Daucus carota sativus. (30cm x 30cm). There are several problems with
growing carrots amongst perennials. Firstly, the seed is quite slow to
germinate, then the seedlings are frail and slow growing at first. These
problems can be easily overcome by sowing the seed in pots as per the
previous section - unfortunately the seedlings are very intolerant of
root disturbance and plants will not develop good quality roots if they
are disturbed. We have found that growing them in 9cm pots does not work
since the roots have reached the bottom of the pot before the tops are
large enough to plant out - this results in poor quality deformed roots.

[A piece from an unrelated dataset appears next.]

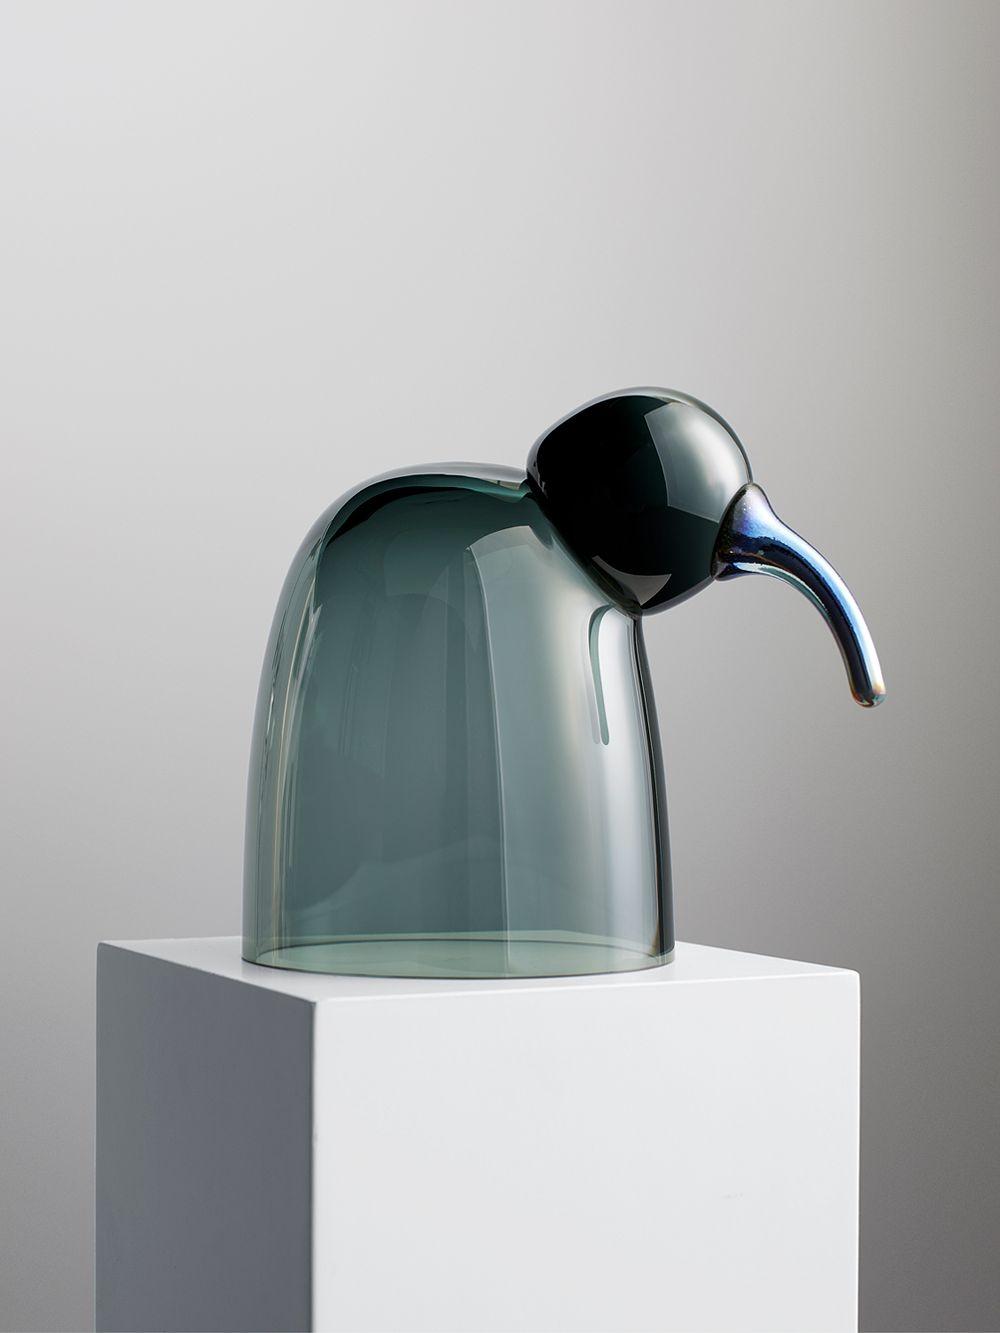 Iittala's Birds by Toikka Aili

The only answer we have come up with is to sow the seed in deeper pots,
but this is very wasteful of resources and you soon begin to wonder if
it is worthwhile.
Pastinaca sativa. (50cm x 25cm). Parsnip seed is even slower to
germinate than carrot seed, apart from that we have had the same
problems growing this plant that we have with carrots (see above).
Conclusion
There are many annuals that fit in quite easily amongst perennial plants
and growing them in this way can be a very productive and sustainable
use of the land. In addition, you will usually find a considerable drop
in the amount of damage caused to plants by pests and diseases - even if
some plants get attacked, it is very likely that others will escape
completely simply because they are isolated from the attacked plants.
There are also several annual crops that do not fit so well into a
perennial system. We are looking at ways of overcoming these problems,
though our main focus is to find acceptable substitutes from amongst the
thousands of perennial plants that have been overlooked as food sources.